Men zou bezwaarlijk twee menschen kunnen vinden, die beter overeenstemden dan Dominee Berger en zijn achttienjarige dochter. Rebekka was moederloos opgegroeid. Maar in haar vriendelijken, zachtzinnigen vader was zooveel van het vrouwelijke, dat het jonge meisje, aan haar moeder denkende, zich slechts een bleek gelaat herinneren kon; het gemis eener moeder was voor haar meer eene weemoedige herdenking dan een bepaald smartelijk verlies.
Voor hem vulde zij hoe langer hoe meer de ledige plaats in zijn huis en hart aan. Al de teedere zorg waarmede hij zijn vrouw tot aan haar dood had omgeven, wijdde hij thans aan het jonge meisje, dat onder zijne handen opgroeide. Hij werd bijna een moeder voor haar; van zijn stil en rein standpunt leerde hij haar de wereld en het leven kennen. Zijn hoofddoel was erop gericht, haar te beschermen tegen al het onedele, al het onrustige, dat in de maatschappij zoo gevaarlijk is. Hij hoopte haar fijnbesnaard gemoed daarvoor te bewaren.
Wanneer zij, samen op den berg achter de Pastorie staande, van daar de oproerige golven gadesloegen, zeide hij soms: ‘Zie, Rebekka, zoo ziet de wereld eruit - de wereld waar de menschen in opgaan; waar onzuivere neigingen de gebrekkige bootjes doen rijzen en dalen, tot eindelijk het strand met wrakhout bedekt ligt. Alleen wie om zijn rein hart een sterken dam bouwen kan, is in staat aan die opstuwende golven weerstand te bieden - zij breken dan, onmachtig hem kwaad te doen, aan zijne voeten.’

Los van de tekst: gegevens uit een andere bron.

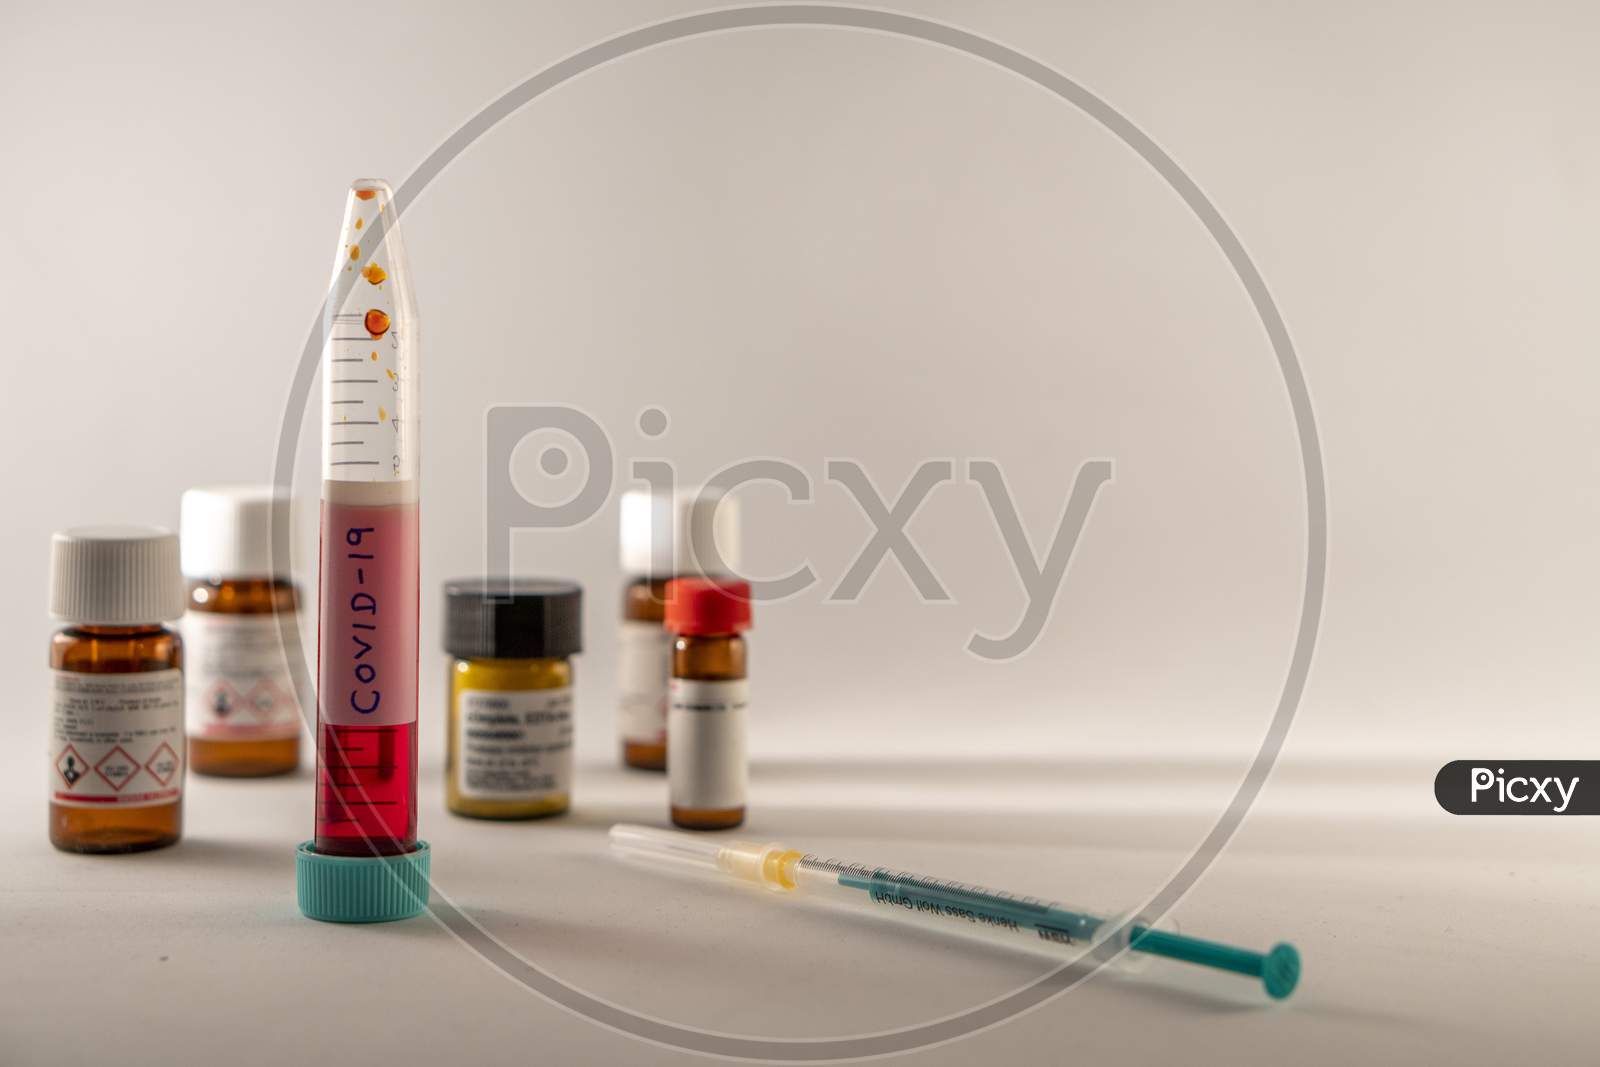 Photo concept shows Covid-19 sample in a falcon, and chemicals, and syringe in a blurred background.

Rebekka vlijde zich tegen haar vader aan. Bij hem had zij een gevoel van geborgenzijn. Zijn heldere en goede gedachten waren als een licht op haren weg, wanneer zij aan het leven dacht, ook later. Zij wachtte nooit te vergeefs een antwoord op haar vragen; eenvoudig, als broer en zuster wisselden zij hun gedachten.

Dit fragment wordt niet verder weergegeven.